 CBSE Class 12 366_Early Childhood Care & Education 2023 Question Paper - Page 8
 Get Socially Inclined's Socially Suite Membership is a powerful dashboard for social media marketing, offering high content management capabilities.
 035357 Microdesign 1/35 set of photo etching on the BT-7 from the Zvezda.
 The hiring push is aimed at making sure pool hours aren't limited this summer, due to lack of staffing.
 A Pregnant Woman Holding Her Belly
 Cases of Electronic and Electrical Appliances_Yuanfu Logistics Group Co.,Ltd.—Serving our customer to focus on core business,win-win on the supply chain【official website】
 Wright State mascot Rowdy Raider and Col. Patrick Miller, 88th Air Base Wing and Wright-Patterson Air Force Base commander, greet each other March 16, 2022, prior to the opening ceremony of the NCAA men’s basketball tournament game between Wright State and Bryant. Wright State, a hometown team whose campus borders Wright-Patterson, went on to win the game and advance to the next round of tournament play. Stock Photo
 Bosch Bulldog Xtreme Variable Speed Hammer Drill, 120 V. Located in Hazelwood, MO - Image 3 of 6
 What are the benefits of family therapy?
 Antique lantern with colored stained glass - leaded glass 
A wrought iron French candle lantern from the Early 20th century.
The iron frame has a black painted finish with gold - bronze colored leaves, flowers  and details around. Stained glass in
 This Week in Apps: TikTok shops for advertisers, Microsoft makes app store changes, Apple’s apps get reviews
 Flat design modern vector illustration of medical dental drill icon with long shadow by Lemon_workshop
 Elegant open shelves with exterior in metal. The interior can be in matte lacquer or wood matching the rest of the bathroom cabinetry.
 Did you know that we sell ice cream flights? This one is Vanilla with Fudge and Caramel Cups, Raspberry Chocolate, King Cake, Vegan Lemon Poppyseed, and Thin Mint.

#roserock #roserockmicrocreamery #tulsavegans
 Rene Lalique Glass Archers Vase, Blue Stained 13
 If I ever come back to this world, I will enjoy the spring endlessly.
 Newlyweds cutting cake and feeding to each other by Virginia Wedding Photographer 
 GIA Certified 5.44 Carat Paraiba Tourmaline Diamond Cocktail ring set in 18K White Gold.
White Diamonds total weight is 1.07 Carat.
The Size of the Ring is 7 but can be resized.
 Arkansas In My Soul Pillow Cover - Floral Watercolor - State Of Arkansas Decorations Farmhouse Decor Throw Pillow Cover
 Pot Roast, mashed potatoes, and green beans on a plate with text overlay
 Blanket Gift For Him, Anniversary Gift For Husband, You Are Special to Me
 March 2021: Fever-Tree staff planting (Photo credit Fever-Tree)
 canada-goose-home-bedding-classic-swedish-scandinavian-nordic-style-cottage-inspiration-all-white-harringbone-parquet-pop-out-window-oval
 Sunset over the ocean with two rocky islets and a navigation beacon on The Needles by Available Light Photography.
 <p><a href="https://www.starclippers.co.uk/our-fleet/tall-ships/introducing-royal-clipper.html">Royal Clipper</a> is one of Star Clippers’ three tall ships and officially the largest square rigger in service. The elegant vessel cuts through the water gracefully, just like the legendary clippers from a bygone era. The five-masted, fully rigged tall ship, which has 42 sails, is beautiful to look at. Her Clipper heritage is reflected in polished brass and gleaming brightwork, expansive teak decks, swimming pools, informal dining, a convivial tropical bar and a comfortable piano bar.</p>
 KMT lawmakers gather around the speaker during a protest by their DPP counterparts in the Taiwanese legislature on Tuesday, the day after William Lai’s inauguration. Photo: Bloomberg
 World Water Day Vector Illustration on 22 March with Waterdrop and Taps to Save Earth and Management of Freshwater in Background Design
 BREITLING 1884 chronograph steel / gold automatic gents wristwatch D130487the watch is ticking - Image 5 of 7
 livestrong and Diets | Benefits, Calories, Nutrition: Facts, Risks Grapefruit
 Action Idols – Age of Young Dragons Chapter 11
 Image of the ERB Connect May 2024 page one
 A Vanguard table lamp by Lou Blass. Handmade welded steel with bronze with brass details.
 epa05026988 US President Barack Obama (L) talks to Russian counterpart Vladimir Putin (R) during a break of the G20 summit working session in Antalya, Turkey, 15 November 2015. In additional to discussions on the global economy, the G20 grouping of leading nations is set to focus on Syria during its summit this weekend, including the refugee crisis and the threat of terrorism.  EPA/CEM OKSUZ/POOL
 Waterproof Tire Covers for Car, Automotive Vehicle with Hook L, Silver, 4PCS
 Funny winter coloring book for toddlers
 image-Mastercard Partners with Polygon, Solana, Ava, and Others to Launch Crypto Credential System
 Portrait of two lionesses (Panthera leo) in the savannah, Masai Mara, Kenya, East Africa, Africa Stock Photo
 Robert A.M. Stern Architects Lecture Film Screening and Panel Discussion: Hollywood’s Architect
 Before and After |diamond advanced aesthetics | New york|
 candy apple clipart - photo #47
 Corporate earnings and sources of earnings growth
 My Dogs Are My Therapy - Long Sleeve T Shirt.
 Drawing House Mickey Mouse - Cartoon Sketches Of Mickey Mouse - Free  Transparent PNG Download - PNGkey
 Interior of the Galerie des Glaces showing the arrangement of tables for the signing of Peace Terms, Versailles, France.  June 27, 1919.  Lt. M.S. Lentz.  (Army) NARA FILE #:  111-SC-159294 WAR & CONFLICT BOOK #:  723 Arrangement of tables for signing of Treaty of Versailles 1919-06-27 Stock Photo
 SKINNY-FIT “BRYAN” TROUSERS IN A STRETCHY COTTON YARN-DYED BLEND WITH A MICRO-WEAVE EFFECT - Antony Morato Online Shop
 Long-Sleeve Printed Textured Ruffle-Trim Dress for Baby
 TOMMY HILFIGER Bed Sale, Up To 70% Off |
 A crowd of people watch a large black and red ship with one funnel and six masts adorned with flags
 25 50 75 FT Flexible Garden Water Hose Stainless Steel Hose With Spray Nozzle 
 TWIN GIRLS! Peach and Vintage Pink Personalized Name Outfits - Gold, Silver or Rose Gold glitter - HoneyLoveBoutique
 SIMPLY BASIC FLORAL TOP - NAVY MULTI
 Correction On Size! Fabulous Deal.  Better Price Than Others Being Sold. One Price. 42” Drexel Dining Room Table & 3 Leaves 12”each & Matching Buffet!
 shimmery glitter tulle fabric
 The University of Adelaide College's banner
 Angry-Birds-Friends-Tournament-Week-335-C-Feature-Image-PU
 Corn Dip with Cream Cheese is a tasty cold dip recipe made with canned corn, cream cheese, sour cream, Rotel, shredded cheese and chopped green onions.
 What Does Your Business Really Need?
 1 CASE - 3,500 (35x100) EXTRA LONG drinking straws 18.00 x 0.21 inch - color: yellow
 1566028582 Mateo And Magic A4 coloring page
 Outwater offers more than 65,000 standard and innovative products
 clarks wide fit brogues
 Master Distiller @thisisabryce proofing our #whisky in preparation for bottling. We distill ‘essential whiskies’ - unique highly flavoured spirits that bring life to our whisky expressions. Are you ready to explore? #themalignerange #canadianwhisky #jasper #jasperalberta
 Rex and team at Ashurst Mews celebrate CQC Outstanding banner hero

Instructions to follow —
For this exercise, copy all of the material exactly as it stands.

Written response —
 CBSE Class 12 366_Early Childhood Care & Education 2023 Question Paper - Page 8
 Get Socially Inclined's Socially Suite Membership is a powerful dashboard for social media marketing, offering high content management capabilities.
 035357 Microdesign 1/35 set of photo etching on the BT-7 from the Zvezda.
 The hiring push is aimed at making sure pool hours aren't limited this summer, due to lack of staffing.
 A Pregnant Woman Holding Her Belly
 Cases of Electronic and Electrical Appliances_Yuanfu Logistics Group Co.,Ltd.—Serving our customer to focus on core business,win-win on the supply chain【official website】
 Wright State mascot Rowdy Raider and Col. Patrick Miller, 88th Air Base Wing and Wright-Patterson Air Force Base commander, greet each other March 16, 2022, prior to the opening ceremony of the NCAA men’s basketball tournament game between Wright State and Bryant. Wright State, a hometown team whose campus borders Wright-Patterson, went on to win the game and advance to the next round of tournament play. Stock Photo
 Bosch Bulldog Xtreme Variable Speed Hammer Drill, 120 V. Located in Hazelwood, MO - Image 3 of 6
 What are the benefits of family therapy?
 Antique lantern with colored stained glass - leaded glass 
A wrought iron French candle lantern from the Early 20th century.
The iron frame has a black painted finish with gold - bronze colored leaves, flowers  and details around. Stained glass in
 This Week in Apps: TikTok shops for advertisers, Microsoft makes app store changes, Apple’s apps get reviews
 Flat design modern vector illustration of medical dental drill icon with long shadow by Lemon_workshop
 Elegant open shelves with exterior in metal. The interior can be in matte lacquer or wood matching the rest of the bathroom cabinetry.
 Did you know that we sell ice cream flights? This one is Vanilla with Fudge and Caramel Cups, Raspberry Chocolate, King Cake, Vegan Lemon Poppyseed, and Thin Mint.

#roserock #roserockmicrocreamery #tulsavegans
 Rene Lalique Glass Archers Vase, Blue Stained 13
 If I ever come back to this world, I will enjoy the spring endlessly.
 Newlyweds cutting cake and feeding to each other by Virginia Wedding Photographer 
 GIA Certified 5.44 Carat Paraiba Tourmaline Diamond Cocktail ring set in 18K White Gold.
White Diamonds total weight is 1.07 Carat.
The Size of the Ring is 7 but can be resized.
 Arkansas In My Soul Pillow Cover - Floral Watercolor - State Of Arkansas Decorations Farmhouse Decor Throw Pillow Cover
 Pot Roast, mashed potatoes, and green beans on a plate with text overlay
 Blanket Gift For Him, Anniversary Gift For Husband, You Are Special to Me
 March 2021: Fever-Tree staff planting (Photo credit Fever-Tree)
 canada-goose-home-bedding-classic-swedish-scandinavian-nordic-style-cottage-inspiration-all-white-harringbone-parquet-pop-out-window-oval
 Sunset over the ocean with two rocky islets and a navigation beacon on The Needles by Available Light Photography.
 <p><a href="https://www.starclippers.co.uk/our-fleet/tall-ships/introducing-royal-clipper.html">Royal Clipper</a> is one of Star Clippers’ three tall ships and officially the largest square rigger in service. The elegant vessel cuts through the water gracefully, just like the legendary clippers from a bygone era. The five-masted, fully rigged tall ship, which has 42 sails, is beautiful to look at. Her Clipper heritage is reflected in polished brass and gleaming brightwork, expansive teak decks, swimming pools, informal dining, a convivial tropical bar and a comfortable piano bar.</p>
 KMT lawmakers gather around the speaker during a protest by their DPP counterparts in the Taiwanese legislature on Tuesday, the day after William Lai’s inauguration. Photo: Bloomberg
 World Water Day Vector Illustration on 22 March with Waterdrop and Taps to Save Earth and Management of Freshwater in Background Design
 BREITLING 1884 chronograph steel / gold automatic gents wristwatch D130487the watch is ticking - Image 5 of 7
 livestrong and Diets | Benefits, Calories, Nutrition: Facts, Risks Grapefruit
 Action Idols – Age of Young Dragons Chapter 11
 Image of the ERB Connect May 2024 page one
 A Vanguard table lamp by Lou Blass. Handmade welded steel with bronze with brass details.
 epa05026988 US President Barack Obama (L) talks to Russian counterpart Vladimir Putin (R) during a break of the G20 summit working session in Antalya, Turkey, 15 November 2015. In additional to discussions on the global economy, the G20 grouping of leading nations is set to focus on Syria during its summit this weekend, including the refugee crisis and the threat of terrorism.  EPA/CEM OKSUZ/POOL
 Waterproof Tire Covers for Car, Automotive Vehicle with Hook L, Silver, 4PCS
 Funny winter coloring book for toddlers
 image-Mastercard Partners with Polygon, Solana, Ava, and Others to Launch Crypto Credential System
 Portrait of two lionesses (Panthera leo) in the savannah, Masai Mara, Kenya, East Africa, Africa Stock Photo
 Robert A.M. Stern Architects Lecture Film Screening and Panel Discussion: Hollywood’s Architect
 Before and After |diamond advanced aesthetics | New york|
 candy apple clipart - photo #47
 Corporate earnings and sources of earnings growth
 My Dogs Are My Therapy - Long Sleeve T Shirt.
 Drawing House Mickey Mouse - Cartoon Sketches Of Mickey Mouse - Free  Transparent PNG Download - PNGkey
 Interior of the Galerie des Glaces showing the arrangement of tables for the signing of Peace Terms, Versailles, France.  June 27, 1919.  Lt. M.S. Lentz.  (Army) NARA FILE #:  111-SC-159294 WAR & CONFLICT BOOK #:  723 Arrangement of tables for signing of Treaty of Versailles 1919-06-27 Stock Photo
 SKINNY-FIT “BRYAN” TROUSERS IN A STRETCHY COTTON YARN-DYED BLEND WITH A MICRO-WEAVE EFFECT - Antony Morato Online Shop
 Long-Sleeve Printed Textured Ruffle-Trim Dress for Baby
 TOMMY HILFIGER Bed Sale, Up To 70% Off |
 A crowd of people watch a large black and red ship with one funnel and six masts adorned with flags
 25 50 75 FT Flexible Garden Water Hose Stainless Steel Hose With Spray Nozzle 
 TWIN GIRLS! Peach and Vintage Pink Personalized Name Outfits - Gold, Silver or Rose Gold glitter - HoneyLoveBoutique
 SIMPLY BASIC FLORAL TOP - NAVY MULTI
 Correction On Size! Fabulous Deal.  Better Price Than Others Being Sold. One Price. 42” Drexel Dining Room Table & 3 Leaves 12”each & Matching Buffet!
 shimmery glitter tulle fabric
 The University of Adelaide College's banner
 Angry-Birds-Friends-Tournament-Week-335-C-Feature-Image-PU
 Corn Dip with Cream Cheese is a tasty cold dip recipe made with canned corn, cream cheese, sour cream, Rotel, shredded cheese and chopped green onions.
 What Does Your Business Really Need?
 1 CASE - 3,500 (35x100) EXTRA LONG drinking straws 18.00 x 0.21 inch - color: yellow
 1566028582 Mateo And Magic A4 coloring page
 Outwater offers more than 65,000 standard and innovative products
 clarks wide fit brogues
 Master Distiller @thisisabryce proofing our #whisky in preparation for bottling. We distill ‘essential whiskies’ - unique highly flavoured spirits that bring life to our whisky expressions. Are you ready to explore? #themalignerange #canadianwhisky #jasper #jasperalberta
 Rex and team at Ashurst Mews celebrate CQC Outstanding banner hero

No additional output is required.